Dec 18, 2018

Tai Chi Man kicks butt thanks to Tiger


(by Bruce Demara thestar.com 10-31-13)

Starring Tiger Hu Chen, Keanu Reeves. Directed by Keanu Reeves.

If you’re going to make a kick-ass martial arts movie, you’d better have a tiger on tap.

Keanu Reeves, making his directorial debut with Man of Tai Chi, has chosen wisely and well in selecting Tiger Hu Chen to play the hero. Without Chen in the lead role, Man of Tai Chi could easily have been chop-socky awful.

The plot isn’t exactly original. Donaka Mark (played by Reeves) is the head of a Hong Kong-based security firm who runs a lucrative sideline: a fight club of sorts catering to the idle rich in which competitors eventually battle to the death.

Mark spots a rising young talent in Chen Lin-Hu (could they not have given him another name than his actual birth name?), a practitioner of tai chi-inspired martial arts.

It doesn’t take a whole lot of urging to persuade Chen to start scrapping for dollars despite a severe admonition of his master, Yang, that doing so is “dishonourable.”

Will Chen allow “dark chi” to consume his otherwise gentle nature? Will policewoman Sun Jingshi be able to unmask the dastardly head of the fighting ring? Will the man in the black mask turn out to be Mark himself? It won’t take a degree in rocket science to work out the answer to any of these questions.

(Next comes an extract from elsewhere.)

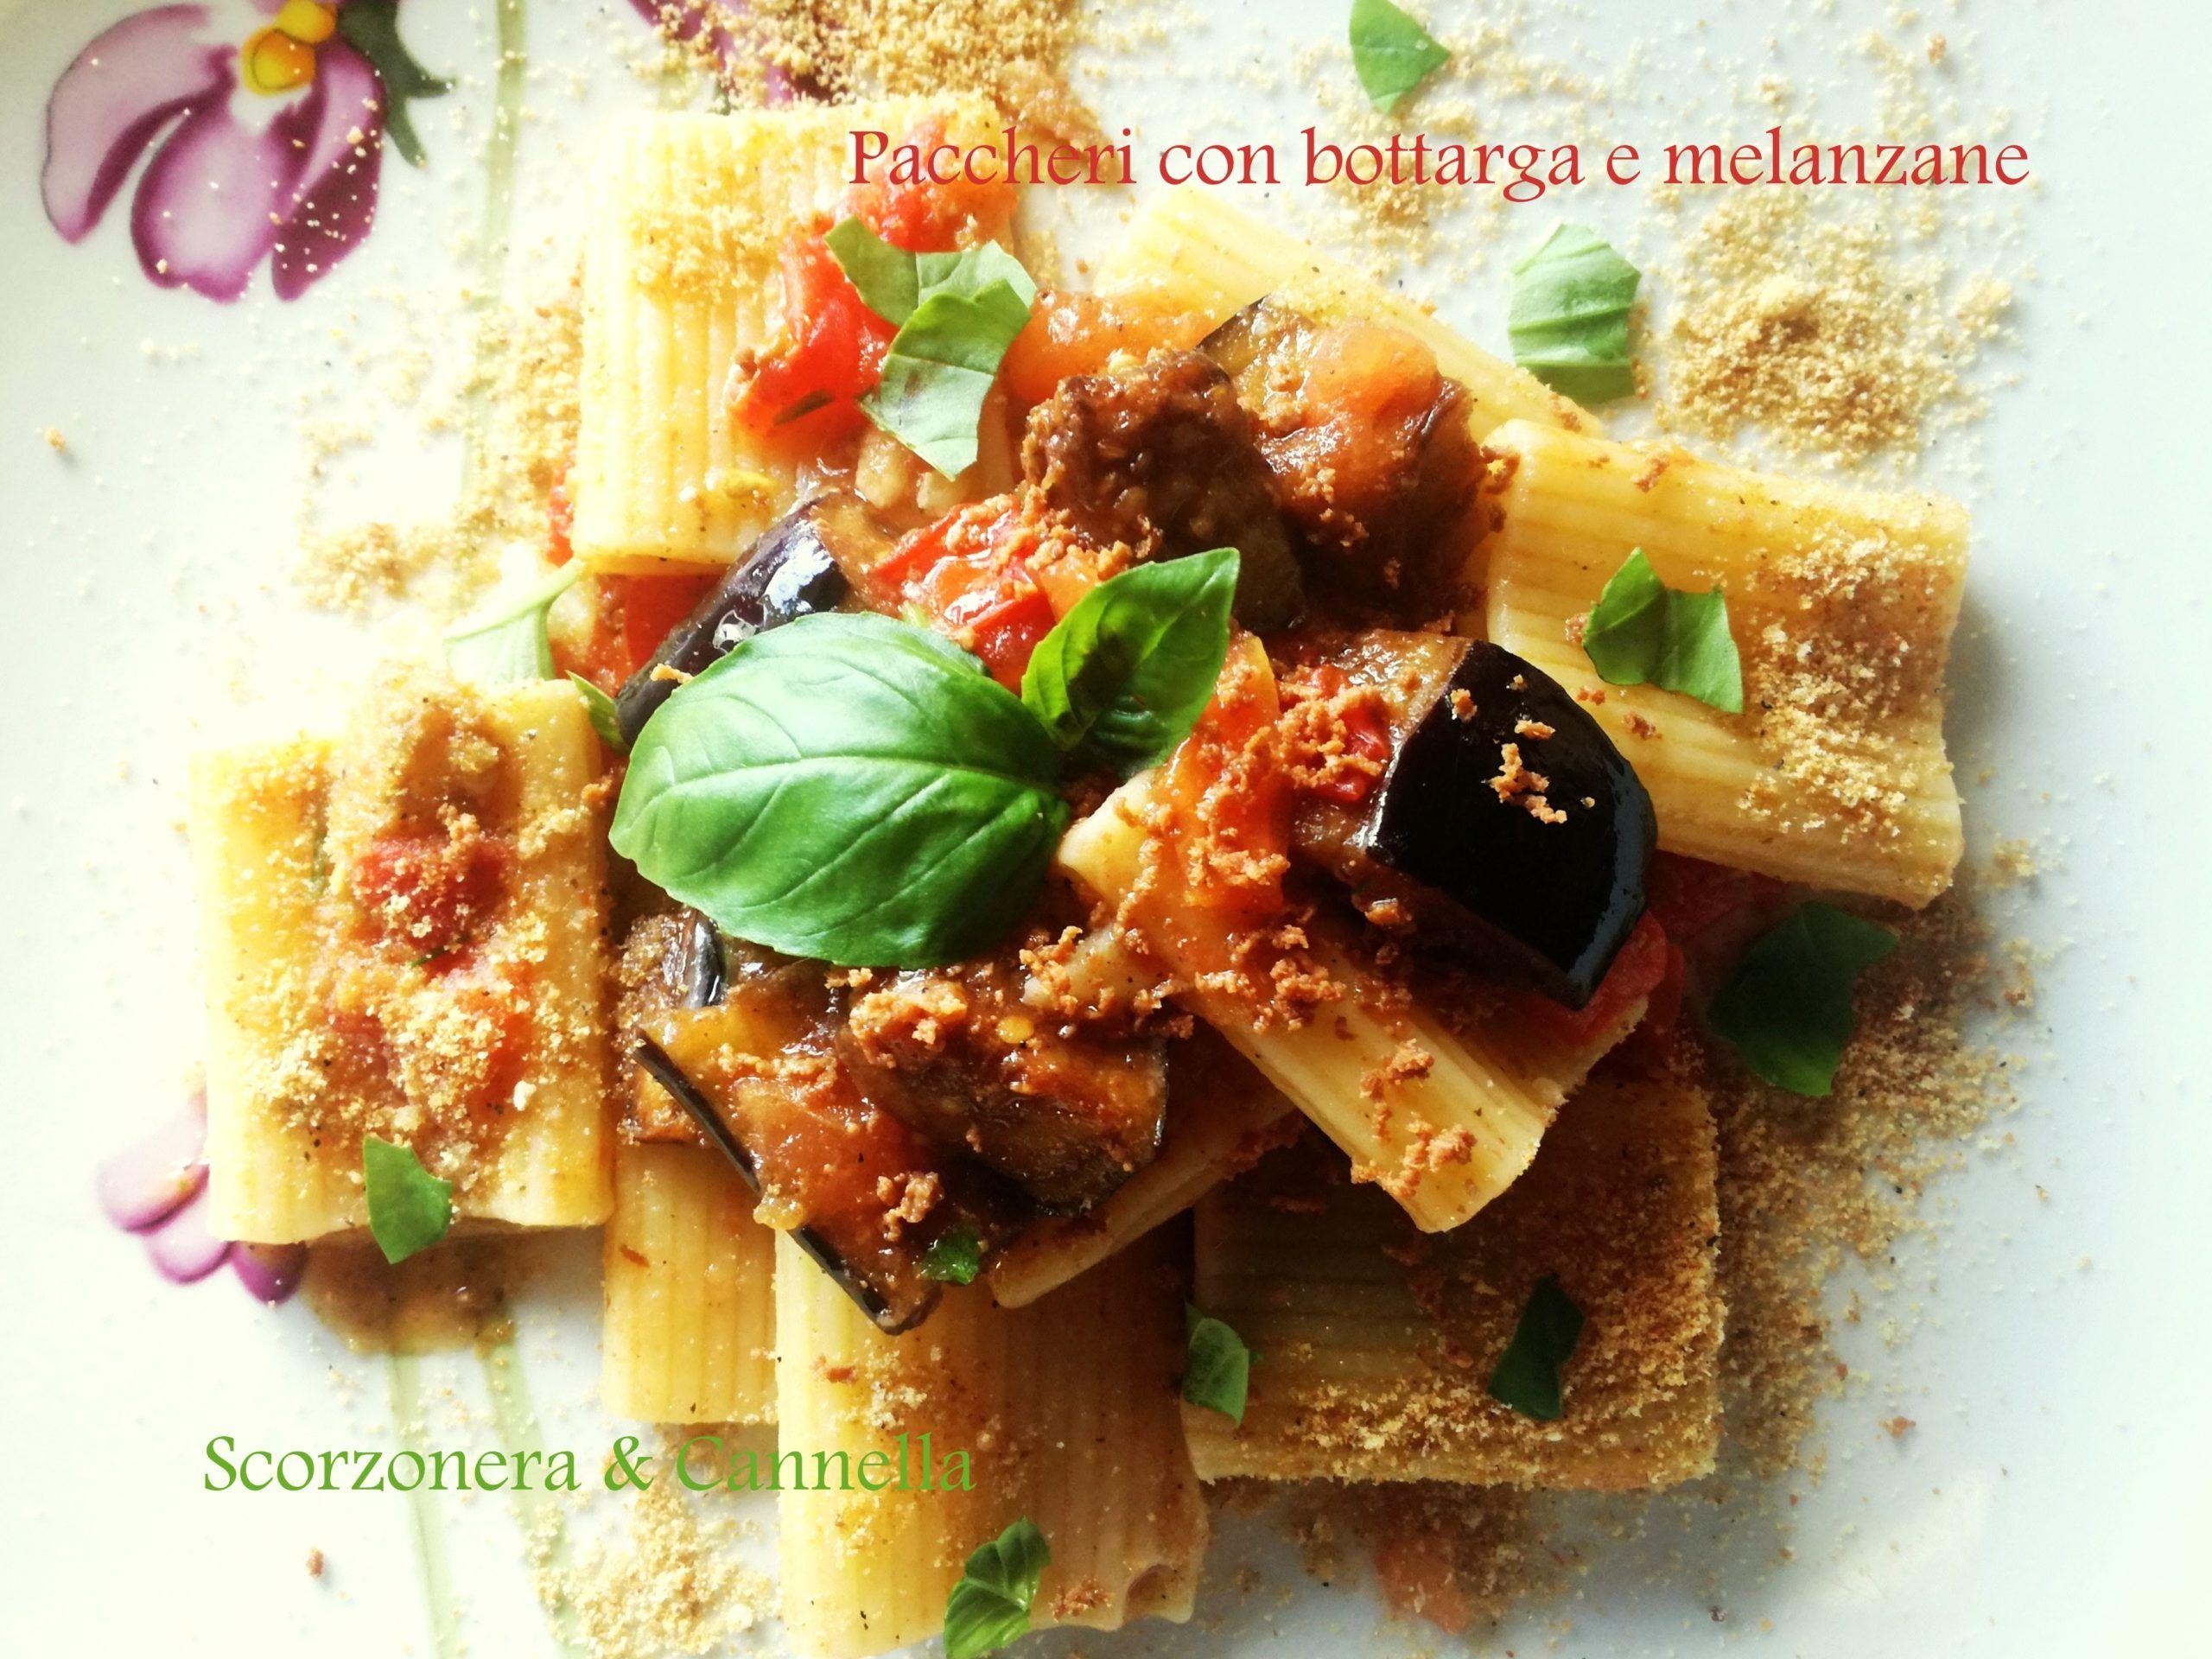 Paccheri con bottarga e melanzane di Scorzonera&Cannella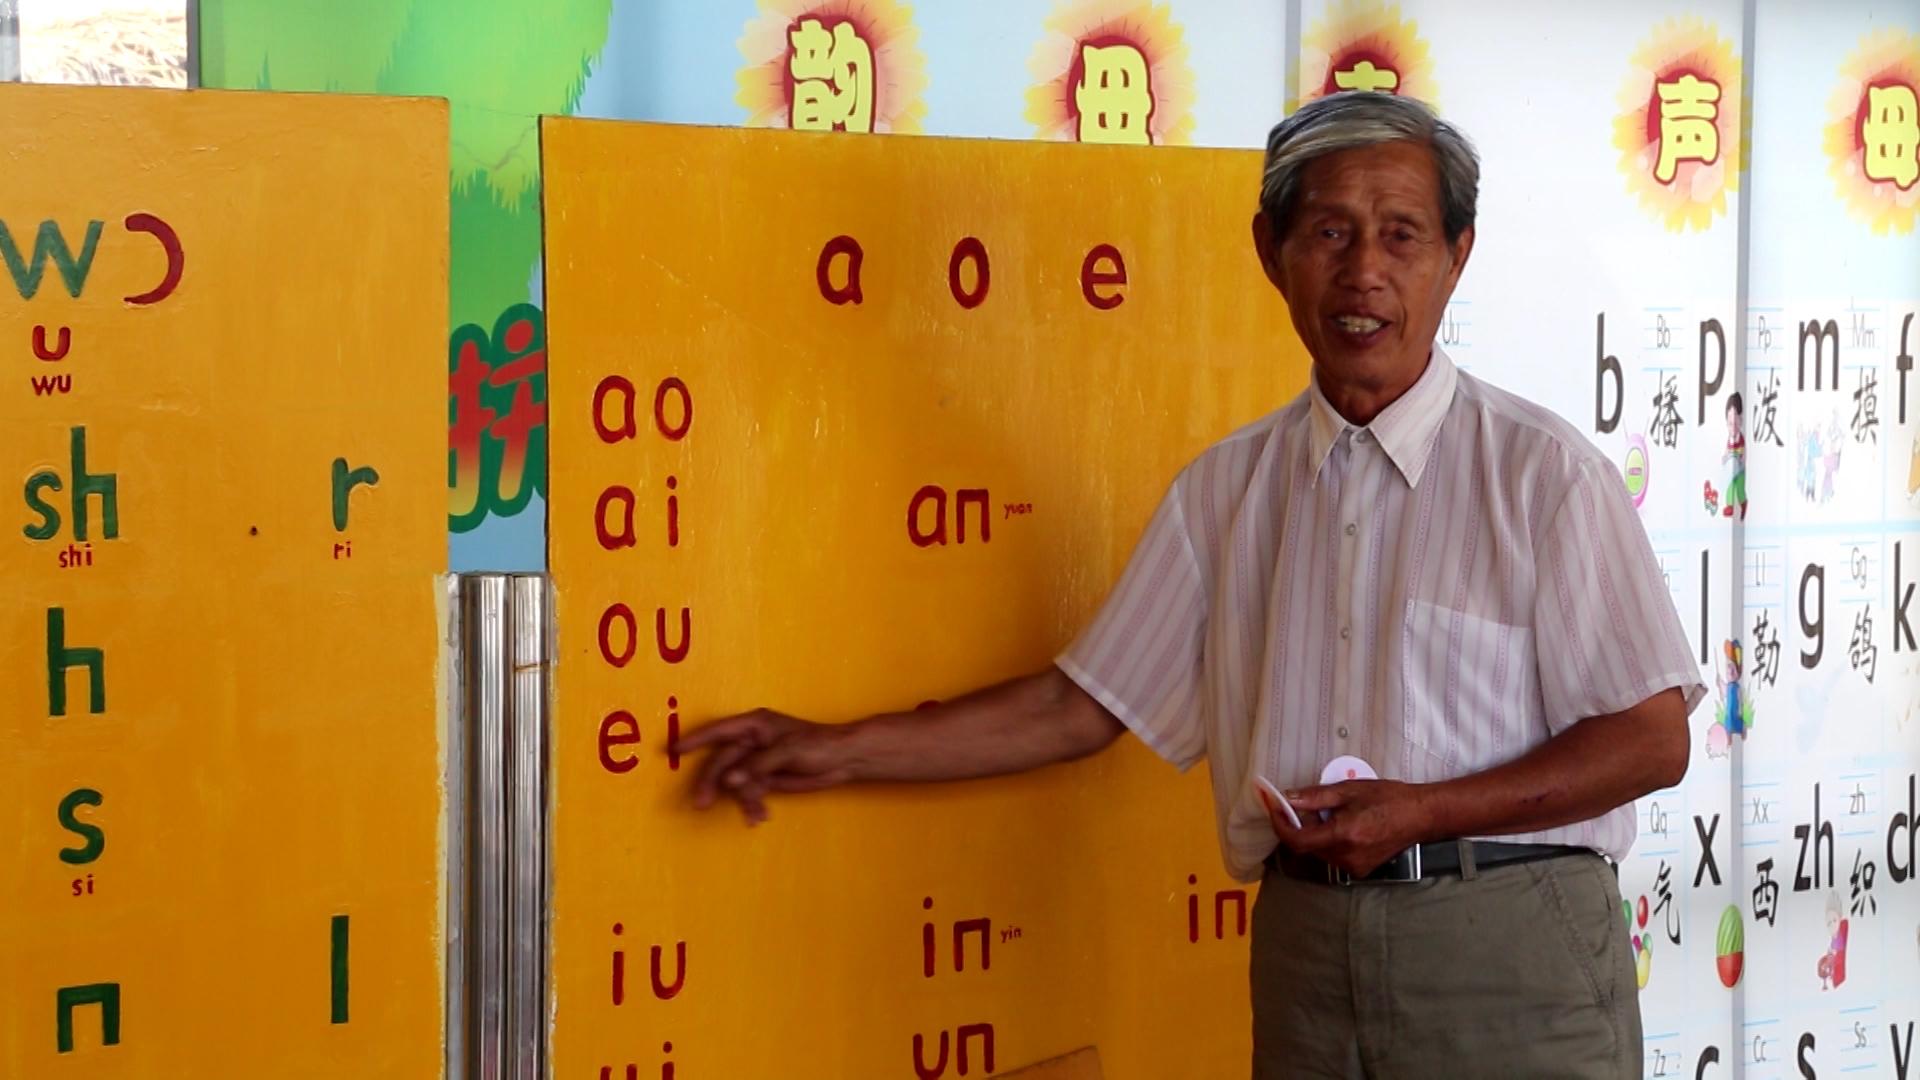 我要將農村孩子的漢語拼音教會、教好

Fortunately, Chen, whom Reeves knows because of his stunt and fight work on The Matrix trilogy, is an appealing protagonist with his thick mop of hair and genial everyman appeal. He’s also a heck of a martial artist and the fight scenes, varied and plentiful, are easily the best parts of the movie.

Karen Mok is a wonderfully indomitable policewoman and Yu Hai is suitably wise and venerable as Master Yang.

“You have power, not control,” Yang warns his young acolyte to little avail, although the money Chen earns certainly helps put some spit and polish on the aged temple that authorities are threatening to condemn.

Reeves, whose appeal as an actor remains an inscrutable mystery, bares his teeth here and there. But as a villain, he’s barely passable. Only in Reeves’ opaque stare do we sense the sociopath lurking beneath the character’s surface.

But Reeves provides serviceable direction and his wretched acting isn’t sufficient to mar this passably pleasing martial arts adventure.